Friday, January 21, 2011

Bargain Priced Family Vacations...Do They Exist?


What could be more cost effective than a family camp-out? Of course, the cheapest kind is finding a local campsite in your area and pitching a tent. Kids do not need many extras to have fun. However, if your idea of enjoying the woods, watching the leaves change colors, and later, playing in the snow (without paying for a pricey ski condo) includes a bit more comfort, then here are some other ideas for you and your family to look into.

There are kids' activities, meals available, and plenty of wildlife. The best part . . . during the summer there are plenty of affordable packages, too!

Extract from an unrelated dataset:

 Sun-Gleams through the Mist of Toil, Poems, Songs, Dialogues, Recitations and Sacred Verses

The YMCA of the Rockies' Snow Mountain Ranch in Winter Park, Colorado, has 5,100 acres near ski resorts. There is enough room for 2,500 people between the lodges and cabins they offer. All activities are organized for children ages three and older, which include: miles of hiking, snowshoeing, and cross-country skiing trails, an indoor pool and gym, even a climbing wall (something my 13 year old totally enjoys), and horseback riding in summer for those horse lovers like my daughter.

The two-bedroom cabins are fully equipped with kitchens. This means stop by the local supermarket on the way up and save a bundle on food. These two bedroom, 1-bathroom cabins also have a fireplace and sleeping accommodations for five, making it a nice place to stay even for a bigger family. Rates per night are about $183. They do offer bigger cabins, too.

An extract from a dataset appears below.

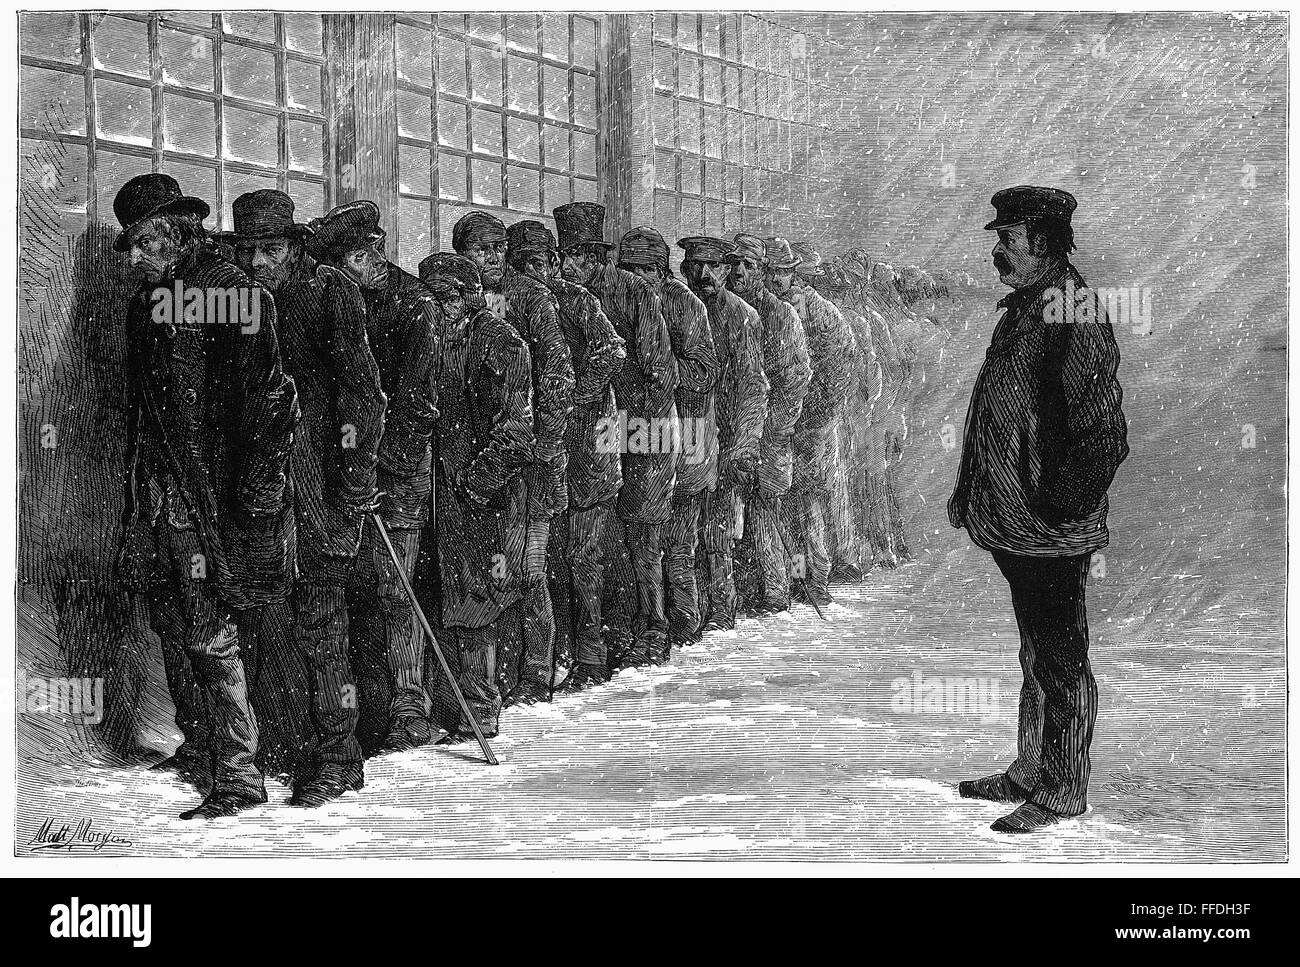 NEW YORK: POORHOUSE, 1875. /nA line of men wait in the snow for dinner at the poorhouse on Randall's Island in the East River. Wood engraving, American, February 1875. Stock Photo

Right now, the YMCA of the Rockies’ Snow Mountain Ranch has some great offers. Call 800-777-9622 and ask for the 2+1 package.

SKI FREE: Guests staying at Snow Mountain Ranch can ski FREE this winter. All guests will receive a FREE Nordic Center Pass, which will include admission for cross-country skiing, snowshoeing, ice skating, sledding and tubing. Learn more about Nordic Center activities here.

For reservations visit Snow Mountain Ranch On line Reservations, or call 800-777-9622.

Elsewhere in America, Montecito-Sequoia Lodge (between Kings Canyon and Sequoia National Parks on Lake Homovalo in California) is another place to explore the outdoors while enjoying two big stone fireplaces and a deck to take in the view of the Great Western Divide. You can stay in a lodge room with a private bathroom or in a rustic cabin with a wood-burning stove and bathhouse nearby for those who want to feel like they are roughing it slightly.

Stuff to do includes: hiking, fishing, canoeing, tennis, and of course, organized kids' activities such as all-day programs in summer and plenty of sing-alongs around the campfire. In winter, you can tube, sled, cross-country ski, or snowshoe.

Packages include meals and they also offer midweek stays in fall (until just before Thanksgiving). You can book a Thanksgiving package for 4 nights and five days, which includes meals, kids' activities, guided hikes, and more.

For more information on packages (cost less in cabins, slightly more for stays in the lodge) visit http://www.mslodge.com/ or call 800/227-9900 or 650/967-8612.

On a visit to the Badlands of South Dakota, kids can count all of the different license plates in the parking lot of Mount Rushmore! (Get more Mount Rushmore information at www.nps.gov/moru or 605/574-2523.) Kids cannot climb on the monuments, but Mount Rushmore can still serve as a centerpiece for a family vacation certain to please.



You can explore caves, pick up rocks blasted from the mountain, join a "dig" at the Mammoth Site where more than 50 giant mammoths were trapped more than 26,000 years ago, and take a Jeep tour through a buffalo herd.



To keep the theme going for an outdoor adventure, make sure to stay at Custer State Park, where besides seeing buffalo, you can rent an old-fashioned cabin on the lake where you can go panning for gold, make animal tracks with kids on hands-on junior naturalist programs, and so much more. Contact 800/658-3530 or www.state.sd.us/sdparks.



To learn more about Mount Rushmore call 800/952-3625 or visit South Dakota's official tourist site at http://travelsd.com/ or http://blackhillsbadlands.com/, the site of the Black Hills, Badlands & Lakes Association, which lists 50 "G-rated" family attractions in the region.



One thing to remember before planning your family outdoors trip is to include the kids in your decision. You can do this by getting out a map, talking about where you want to go, and what you want to do. Even your four-year-old will have an opinion.

Make sure everyone gets at least some of their picks on the itinerary. If the kids are old enough, suggest each one plan a day's activities. This helps the kids feel more involved and excited about what you are doing as a family on vacation.

Another thing you can do is surf the web as a family to find where you want to go. Sometimes the best deals are found there and ideas on what to do once you arrive.

Lastly, consider inviting a friend for an only child or for a sole preteen/teen in the family. He or she will be much happier.